=== Data shown ===

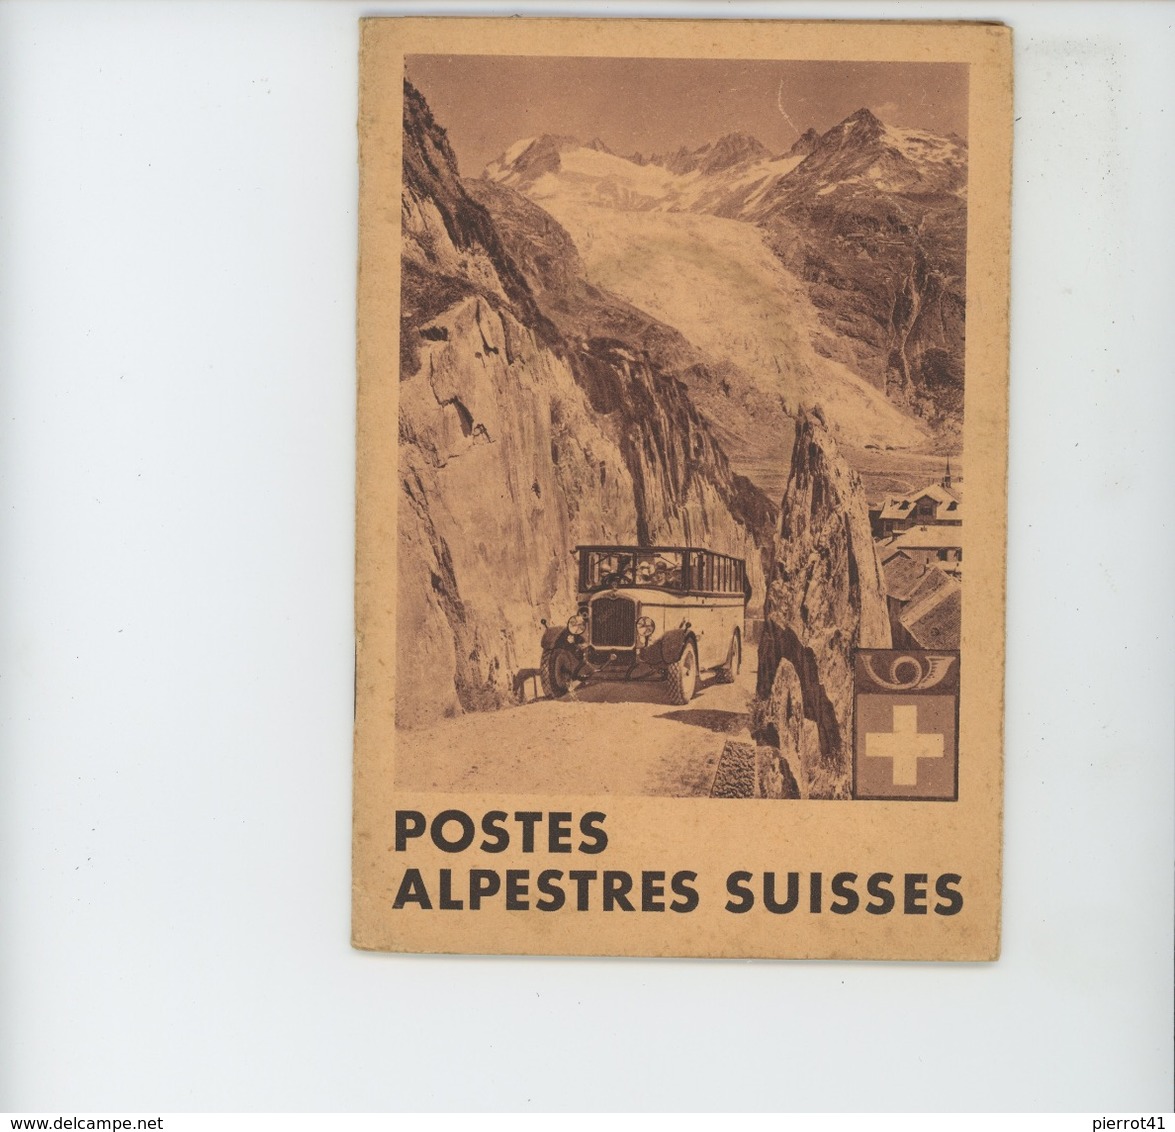 DEPLIANT TOURISTIQUE - SUISSE - SCHWEIZ - POSTES ALPESTRES SUISSES (1929) - Plusieurs Vues Avec Automobiles - Dépliants Touristiques
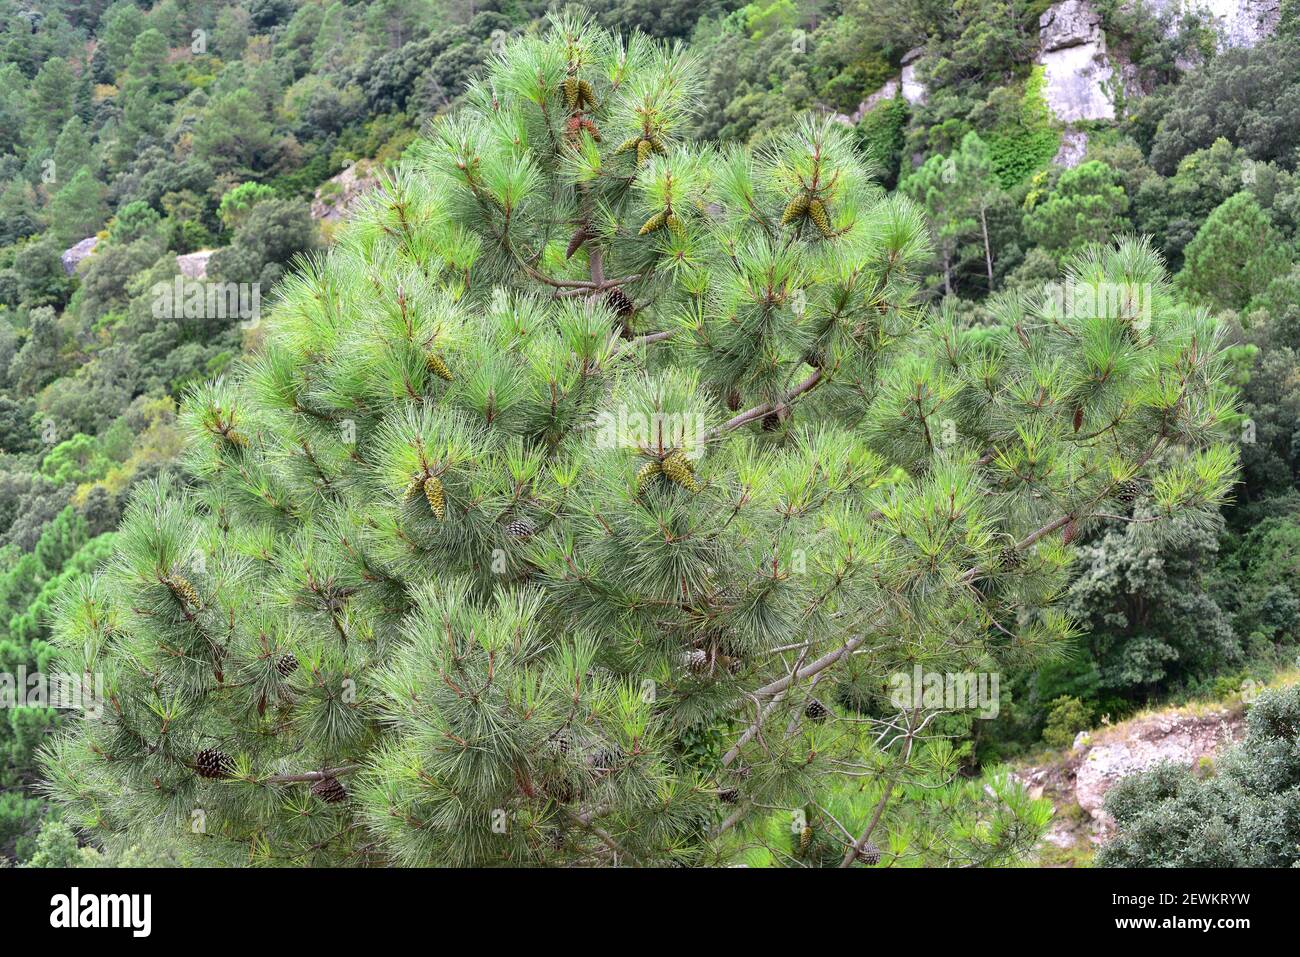 El pino negro (Pinus nigra salzmannii) es un árbol de coníferas perenne nativo de la región mediterránea occidental. Esta foto fue tomada en las montañas de Montsia, Foto de stock
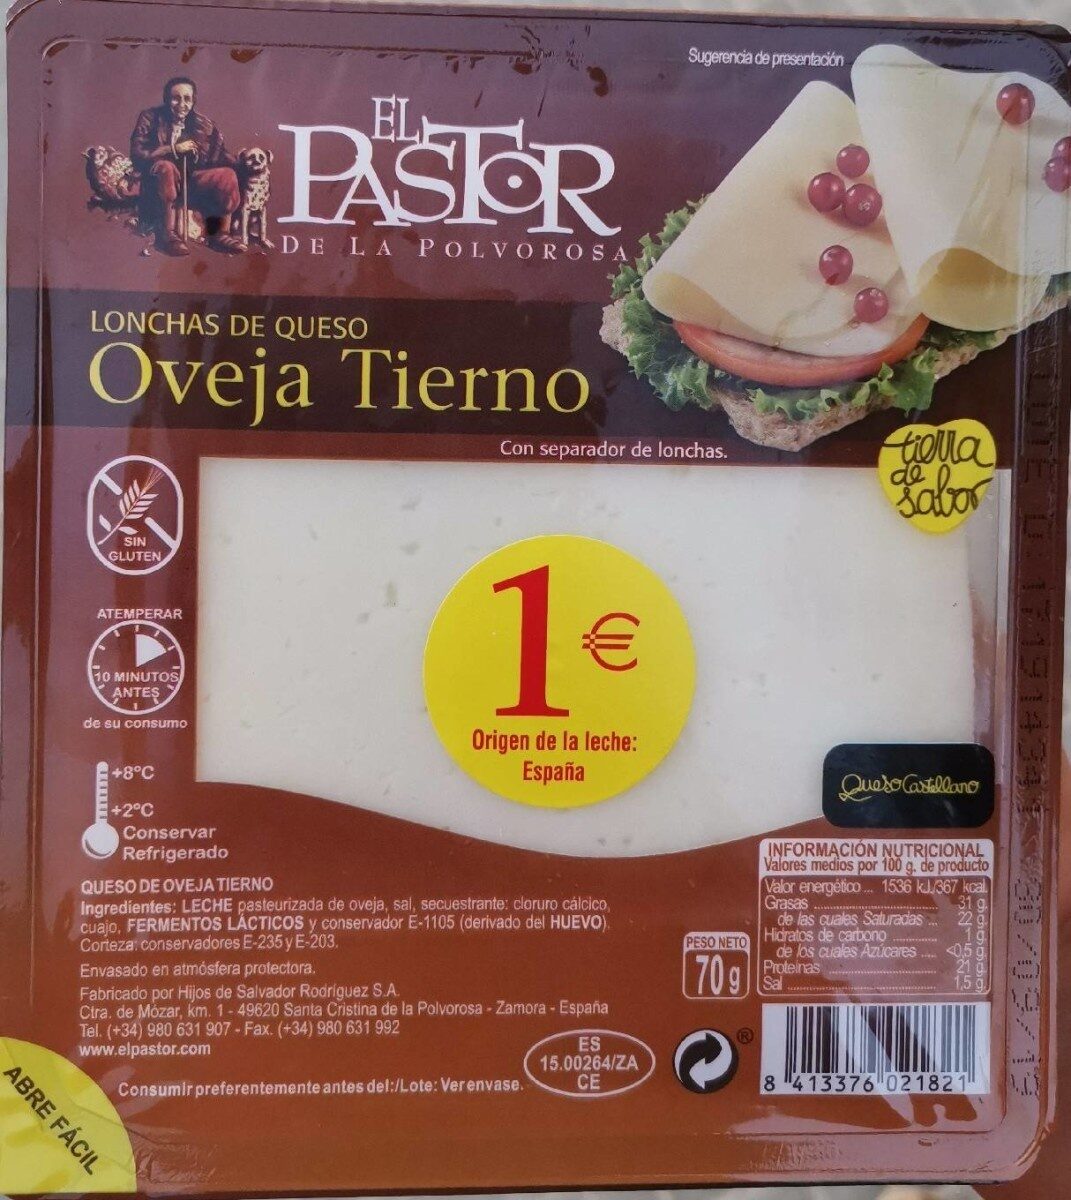 Lonchas de queso oveja tierno - Product - es

===

Task description> Transcribe all the lines above exactly; any image among them is skipped.

Task result>
 DEPLIANT TOURISTIQUE - SUISSE - SCHWEIZ - POSTES ALPESTRES SUISSES (1929) - Plusieurs Vues Avec Automobiles - Dépliants Touristiques
 El pino negro (Pinus nigra salzmannii) es un árbol de coníferas perenne nativo de la región mediterránea occidental. Esta foto fue tomada en las montañas de Montsia, Foto de stock
 Lonchas de queso oveja tierno - Product - es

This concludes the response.